Source information.
»»
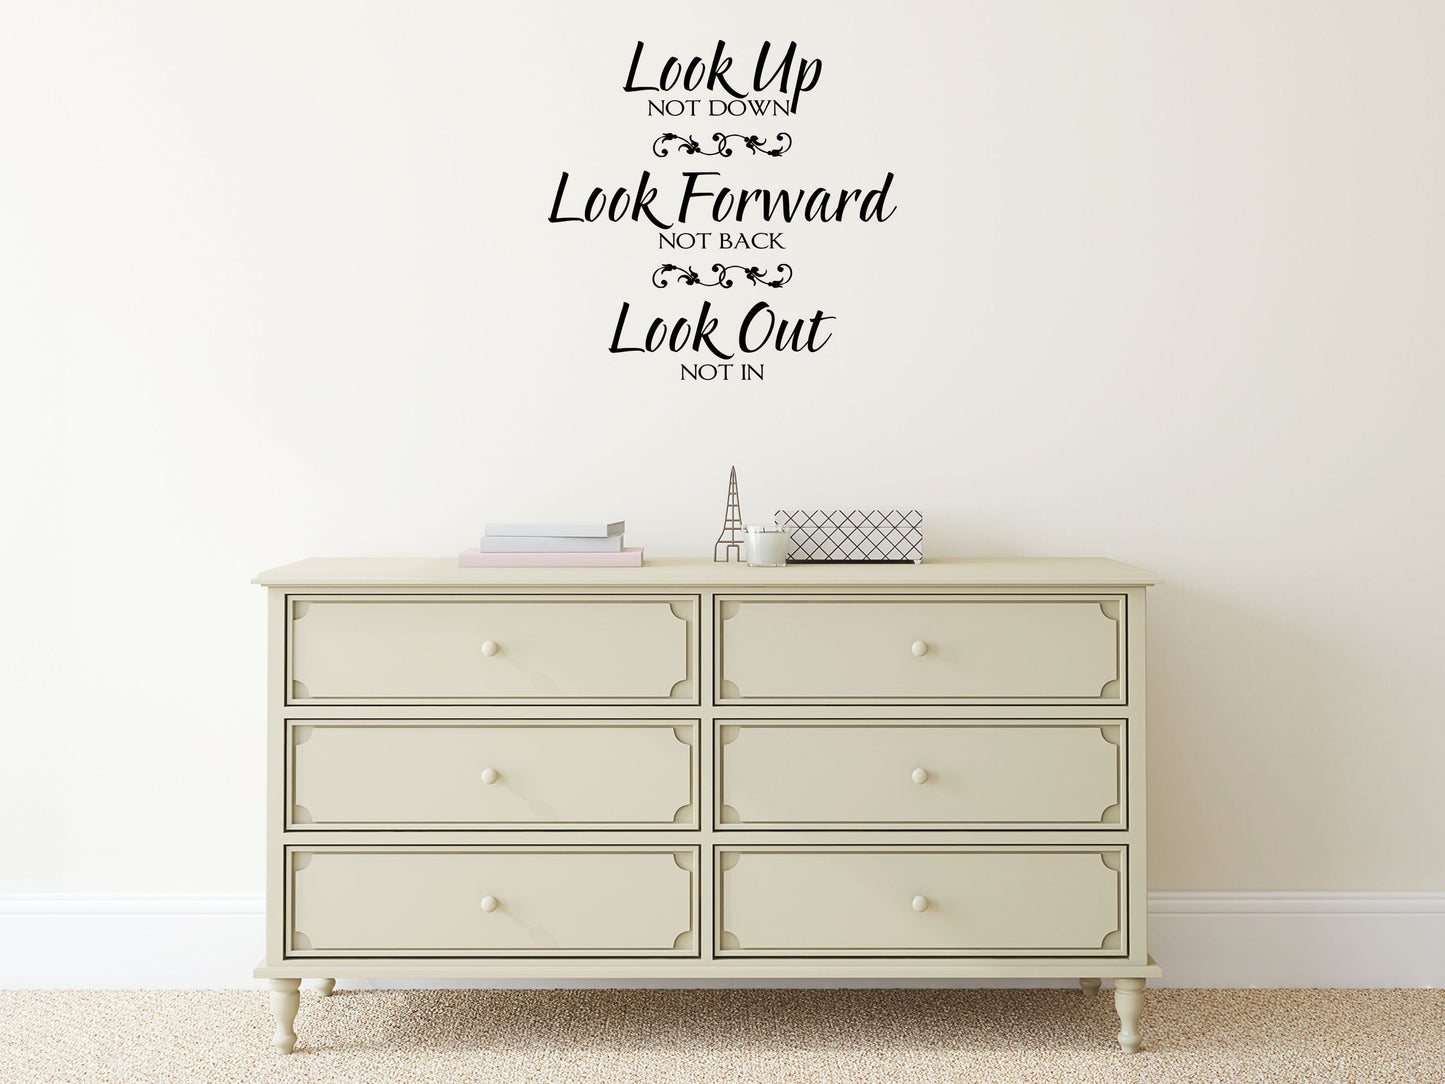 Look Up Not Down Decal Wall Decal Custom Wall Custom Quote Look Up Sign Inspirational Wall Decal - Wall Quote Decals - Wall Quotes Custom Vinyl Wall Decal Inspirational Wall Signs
««
»»
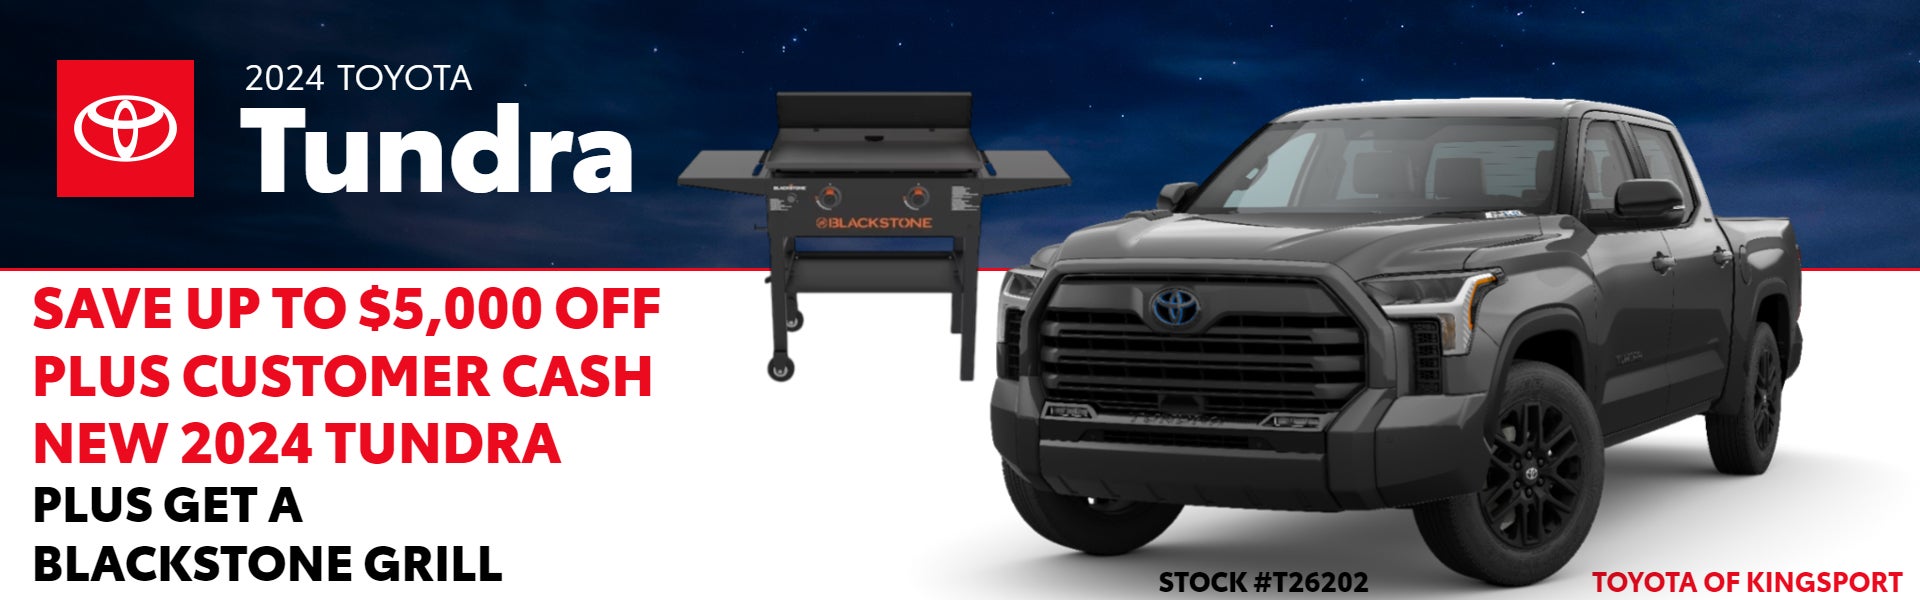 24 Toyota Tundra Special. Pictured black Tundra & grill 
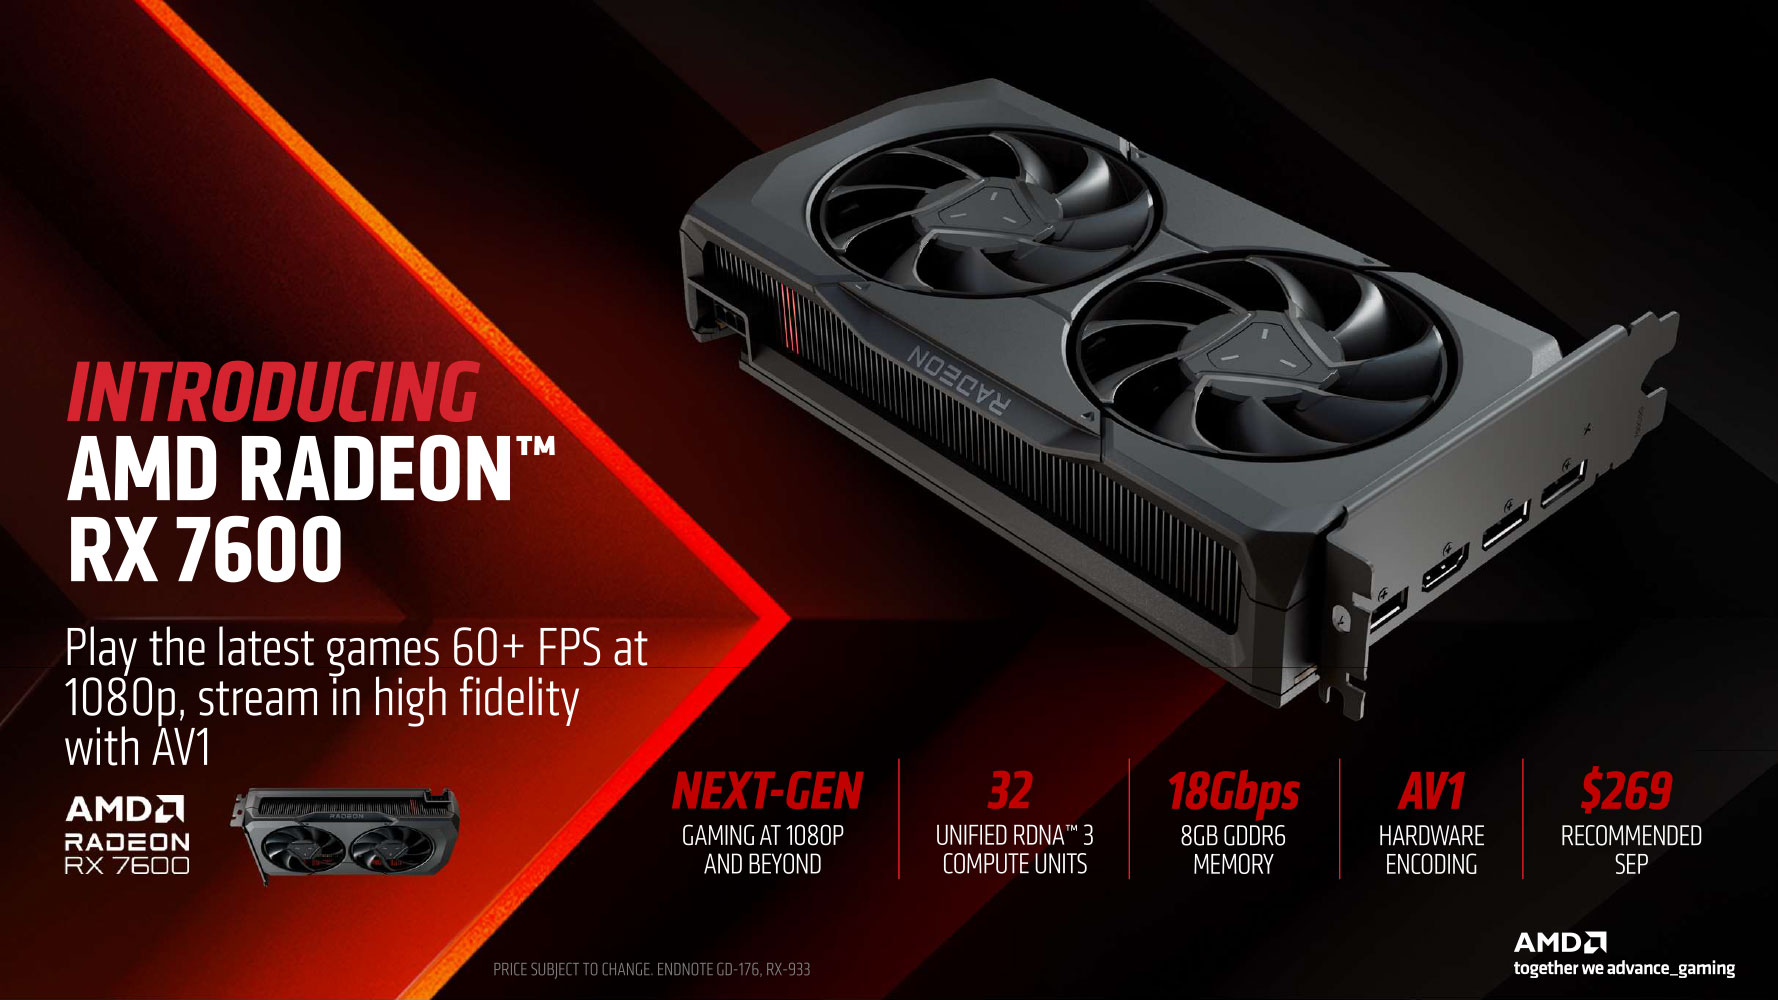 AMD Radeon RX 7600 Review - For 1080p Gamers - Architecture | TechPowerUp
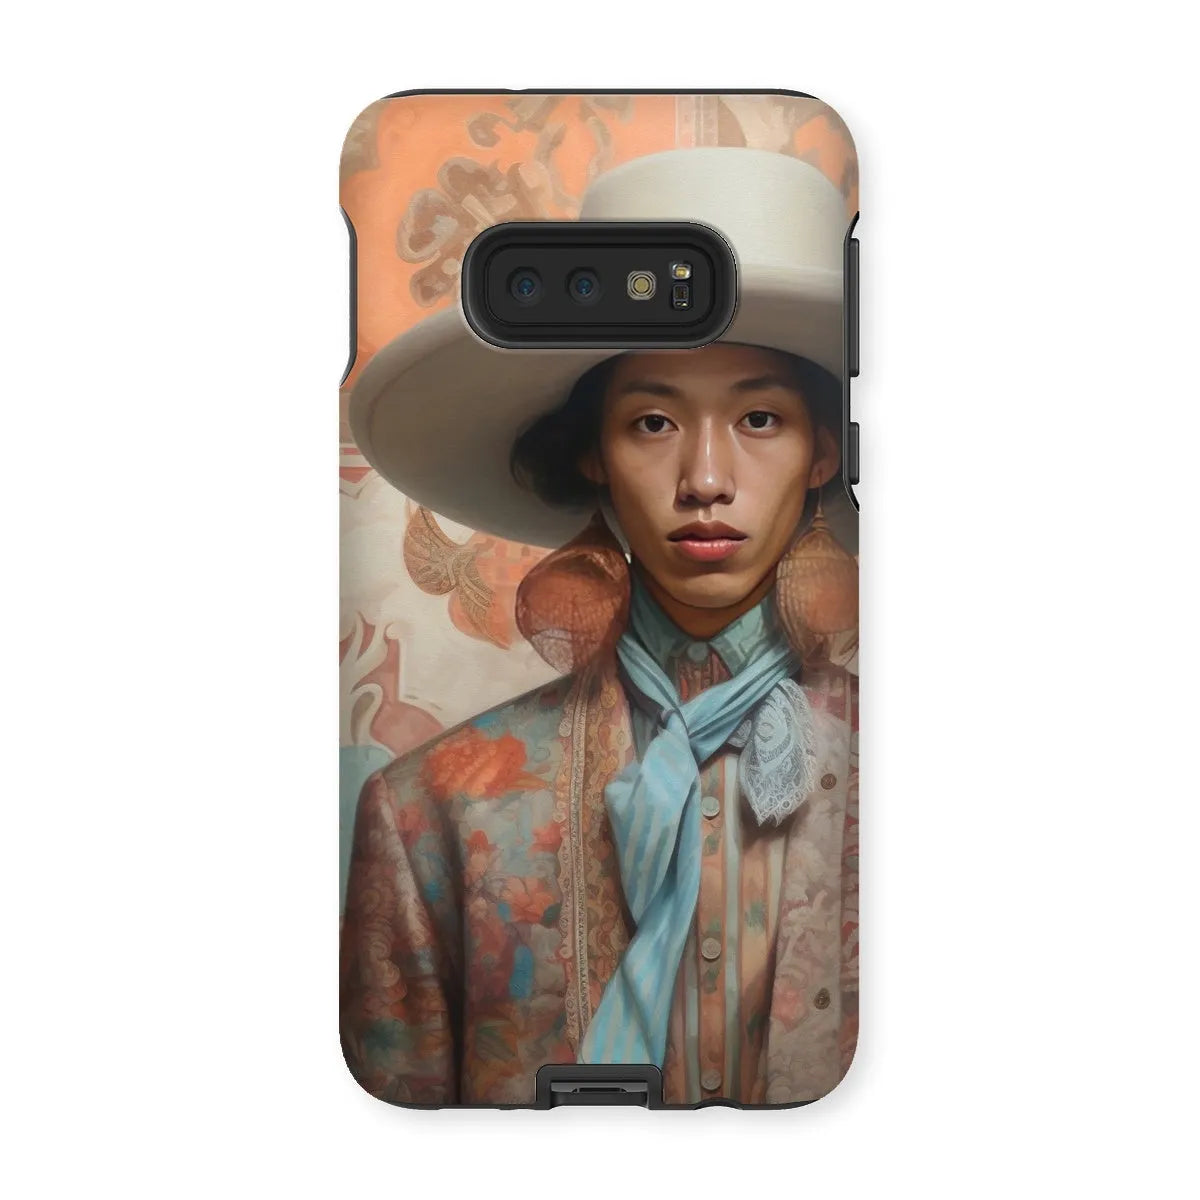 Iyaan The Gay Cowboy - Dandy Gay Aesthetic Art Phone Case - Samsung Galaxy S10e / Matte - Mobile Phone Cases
««
Exercise goal. Give back exactly the lines above from the one with "AMD Radeon RX" through the one with "Iyaan The Gay", both included. Pictures don't belong in the copy.

The answer.
 AMD Radeon RX 7600 Review - For 1080p Gamers - Architecture | TechPowerUp
 Iyaan The Gay Cowboy - Dandy Gay Aesthetic Art Phone Case - Samsung Galaxy S10e / Matte - Mobile Phone Cases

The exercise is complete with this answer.